Из двадцати с лишком студентов, ждавших на вокзале своих девушек с поездом 10.52, только человек шесть-семь остались на холодном открытом перроне. Остальные стояли по двое, по трое, без шапок, в прокуренном, жарко натопленном зальце для пассажиров и разговаривали таким безапелляционно-догматическим тоном, словно каждый из них сейчас раз и навсегда разрешал один из тех проклятых вопросов, в которые до сих пор весь внешний, внеакадемический мир веками, нарочно или нечаянно, вносил невероятную путаницу.
Лейн Кутель в непромокаемом плаще, под который он, конечно, подстегнул теплую подкладку, стоял на перроне вместе с другими мальчиками, вернее, и с ними и не с ними. Уже минут десять, как он нарочно отошел от них и остановился у киоска с бесплатными брошюрками «христианской науки», глубоко засунув в карманы пальто руки без перчаток. Коричневое шерстяное кашне выбилось из-под воротника, почти не защищая его от ветра.
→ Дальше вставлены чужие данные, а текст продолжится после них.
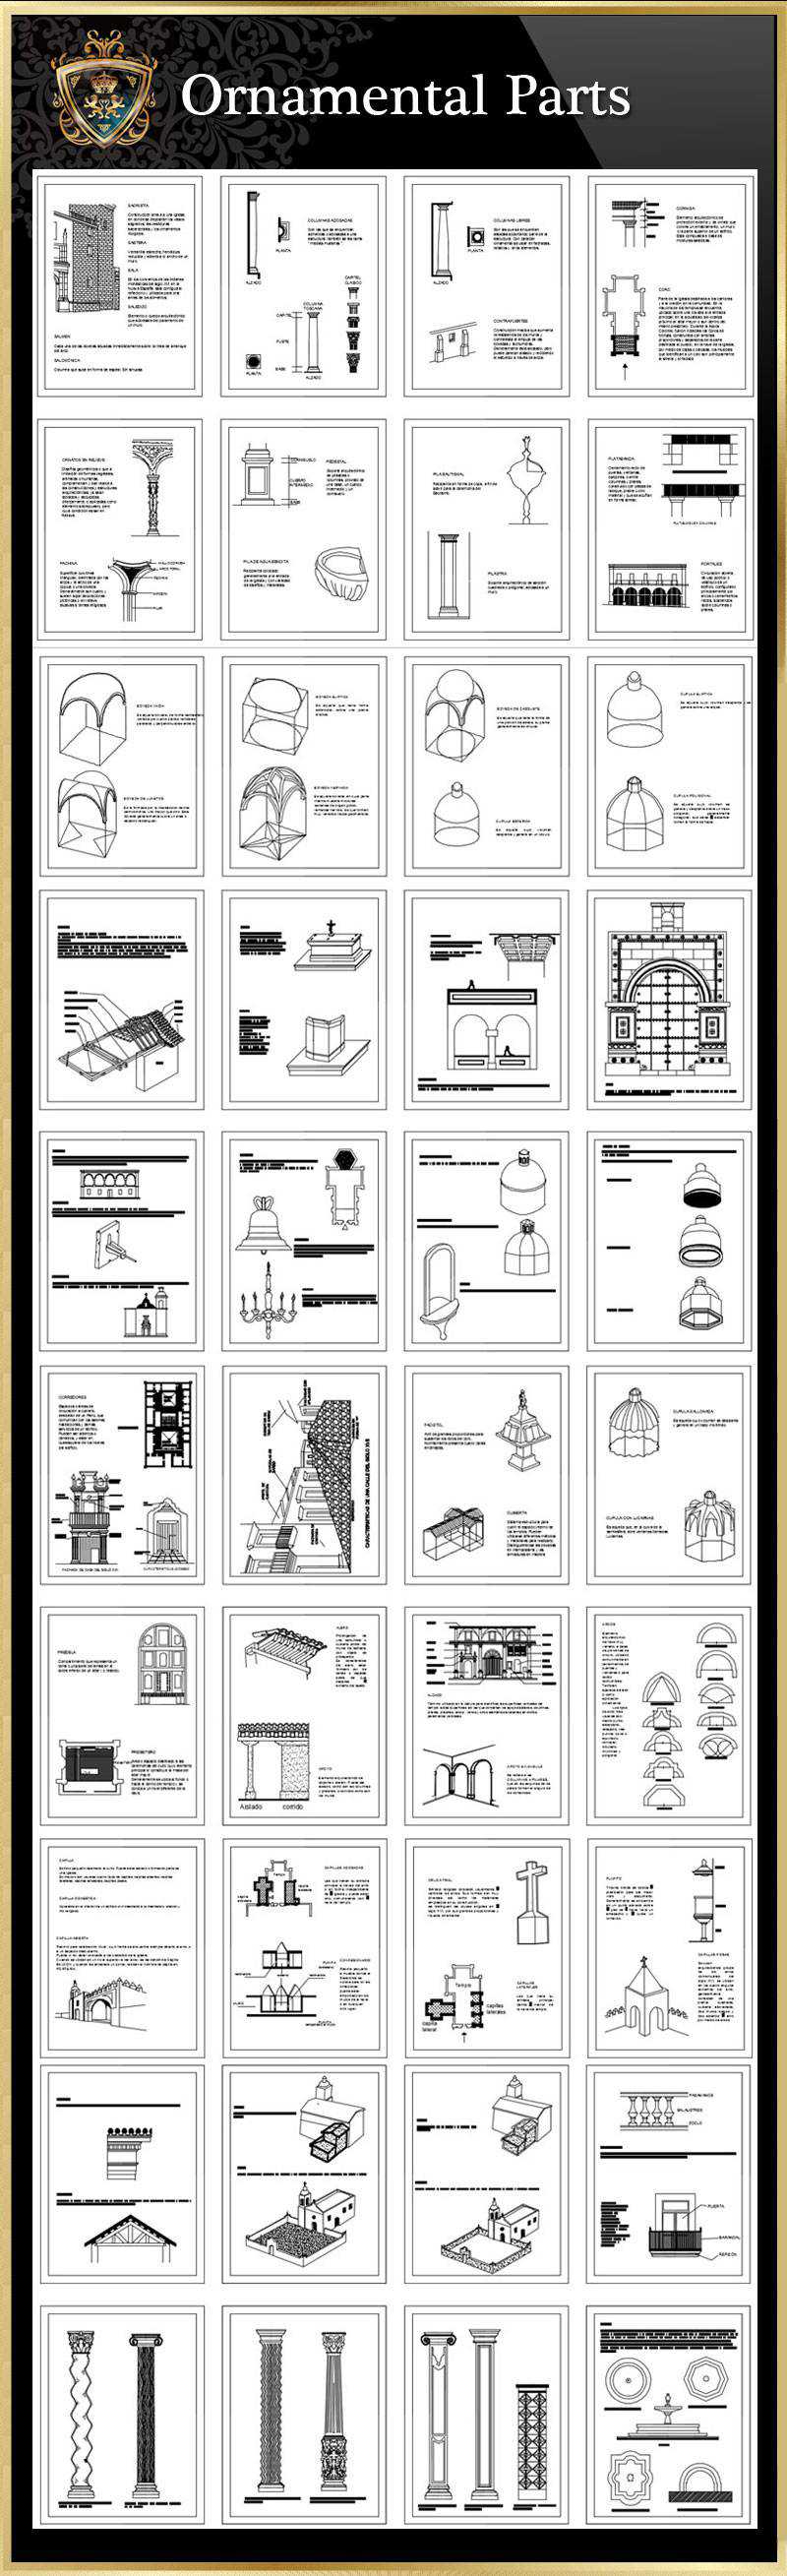 ★【Ornamental Parts of Buildings 1】Luxury home, Luxury Villas, Luxury Palace, Architecture Ornamental Parts, Decorative Inserts & Accessories, Handrail & Stairway Parts, Outdoor House Accessories, Euro Architectural Components, Arcade

Лейн рассеянно вынул руку из кармана, хотел было поправить кашне, но передумал и вместо этого сунул руку во внутренний карман и вытащил письмо. Он тут же стал его перечитывать, слегка приоткрыв рот.
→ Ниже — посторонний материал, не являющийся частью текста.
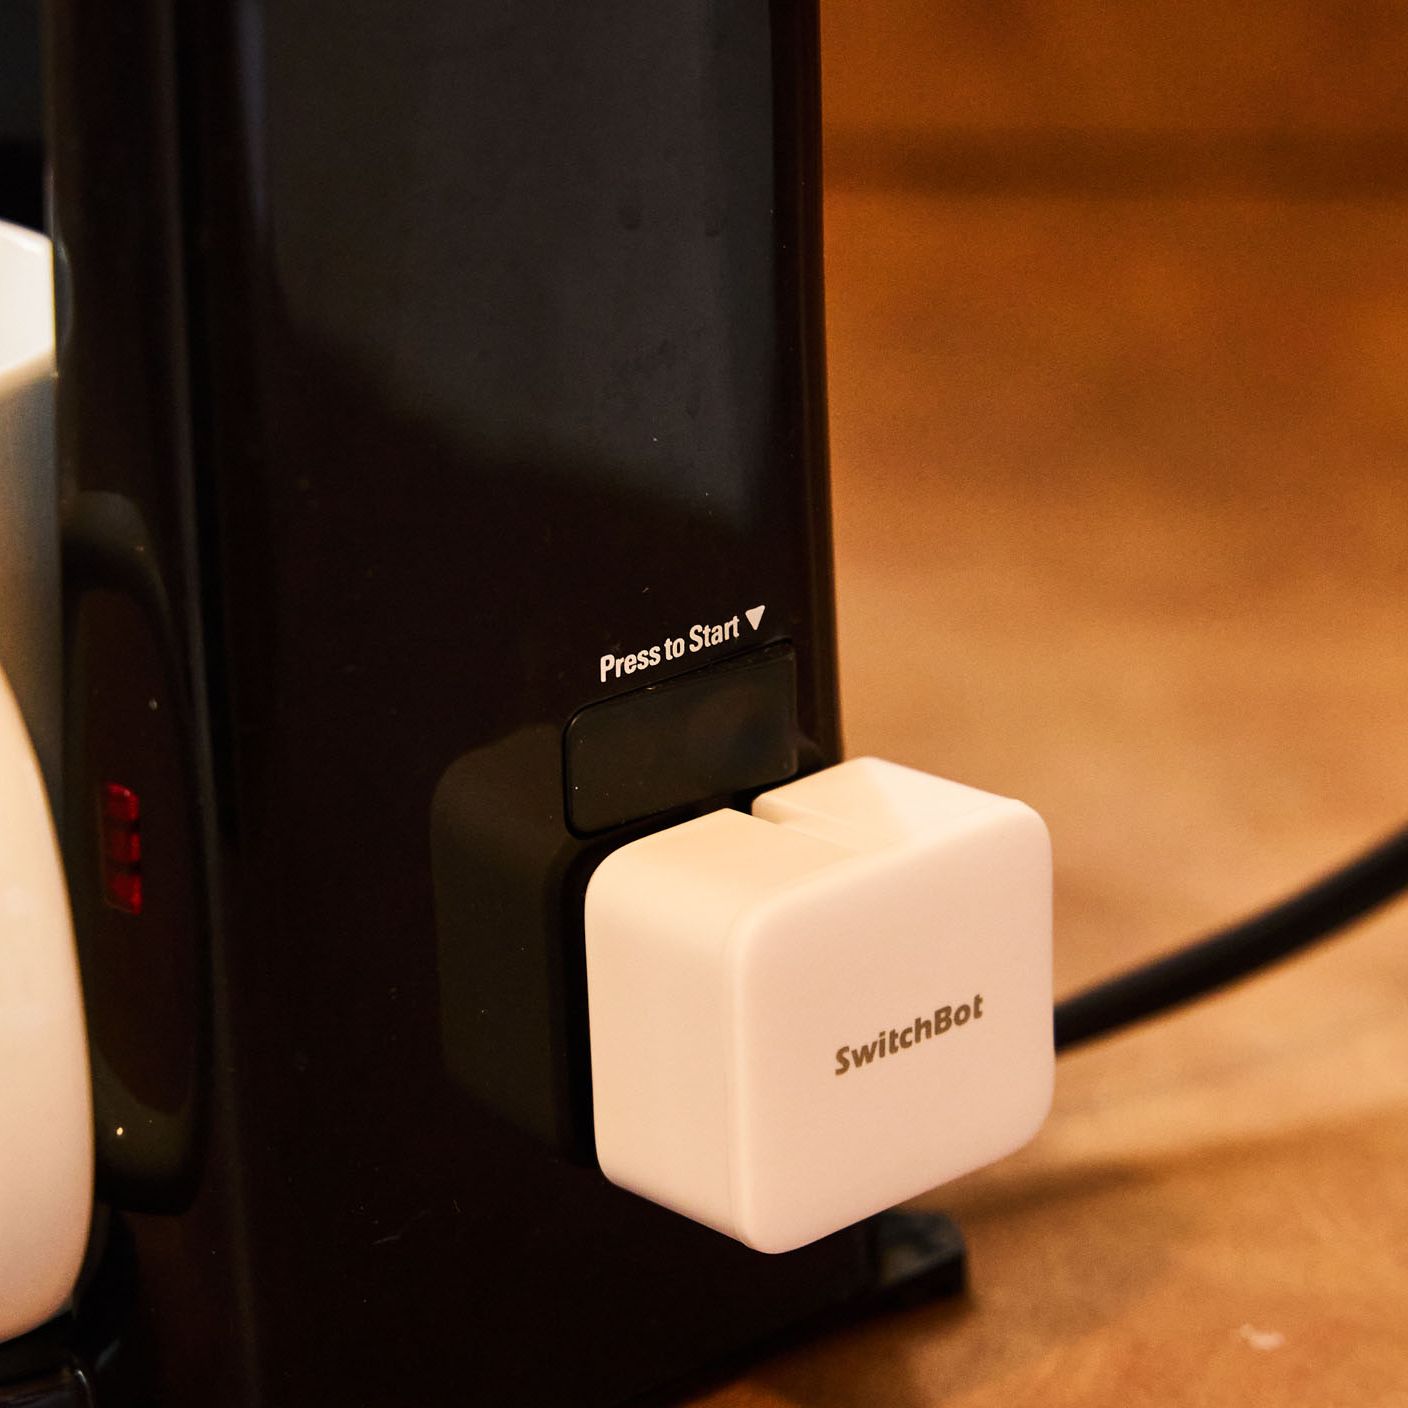 This $29 Gadget Will Make Your Home Smart in Minutes

Письмо было написано, вернее, напечатано на бледно-голубой бумаге. Вид у этого листка был такой измятый, неновый, как будто его уже вынимали из конверта и перечитывали много раз.
«Кажется, четверг.
Милый-милый Лейн!
Не знаю, разберешь ли ты все, потому что шум в общежитии неописуемый, даже собственных мыслей не слышу. И если будут ошибки, будь добр, пожалуйста, не замечай их. Кстати, по твоему совету, стала часто заглядывать в словарь, так что, если пишу дубовым стилем, ты сам виноват. Вообще же я только что получила твое чудесное письмо, и я тебя люблю безумно, страстно и так далее и жду не дождусь субботы. Жаль, конечно, что ты меня не смог устроить в Крофт-Хауз, но в общем мне все равно, где жить, лишь бы тепло, чтобы не было психов и чтобы я могла тебя видеть время от времени, вернее – все время. Я совсем того, то есть просто схожу по тебе с ума. Влюбилась в твое письмо. Ты чудно пишешь про Элиота. А мне сейчас что-то все поэты, кроме Сафо, ни к чему. Читаю ее как сумасшедшая – и пожалуйста, без глупых намеков. Может быть, я даже буду делать по ней курсовую, если решу добиваться диплома с отличием и если разрешит кретин, которого мне назначили руководителем. «Хрупкий Адонис гибнет, Китерия, что нам делать? Бейте в грудь себя, девы, рвите одежды с горя!» Правда, изумительно? Она ведь и на самом деле рвет на себе одежду! А ты меня любишь? Ты ни разу этого не сказал в твоем чудовищном письме, ненавижу, когда ты притворяешься таким сверхмужественным и сдержанным (два «н»?). Вернее, не то что ненавижу, а просто мне органически противопоказаны «сильные и суровые мужчины». Нет, конечно, это ничего, что ты тоже сильный, но я же не о том, сам понимаешь. Так шумят, что не слышу собственных мыслей. Словом, я тебя люблю и, если только найду марку в этом бедламе, пошлю письмо срочно, чтобы ты получил это заранее. Люблю тебя, люблю, люблю. А ты знаешь, что за одиннадцать месяцев мы с тобой танцевали всего два раза? Не считаю тот вечер, когда ты так напился в «Вангарде». Наверно, я буду ужасно стесняться. Кстати, если ты кому-нибудь про это скажешь, я тебя убью! Жду субботы, мой цветик.
Очень тебя люблю.
Фрэнни
P.S. Папе принесли рентген из клиники, и мы обрадовались: опухоль есть, но не злокачественная. Вчера говорила с мамой по телефону. Кстати, она шлет тебе привет, так что можешь успокоиться – я про тот вечер, в пятницу. По-моему, они даже не слышали, как мы вошли в дом.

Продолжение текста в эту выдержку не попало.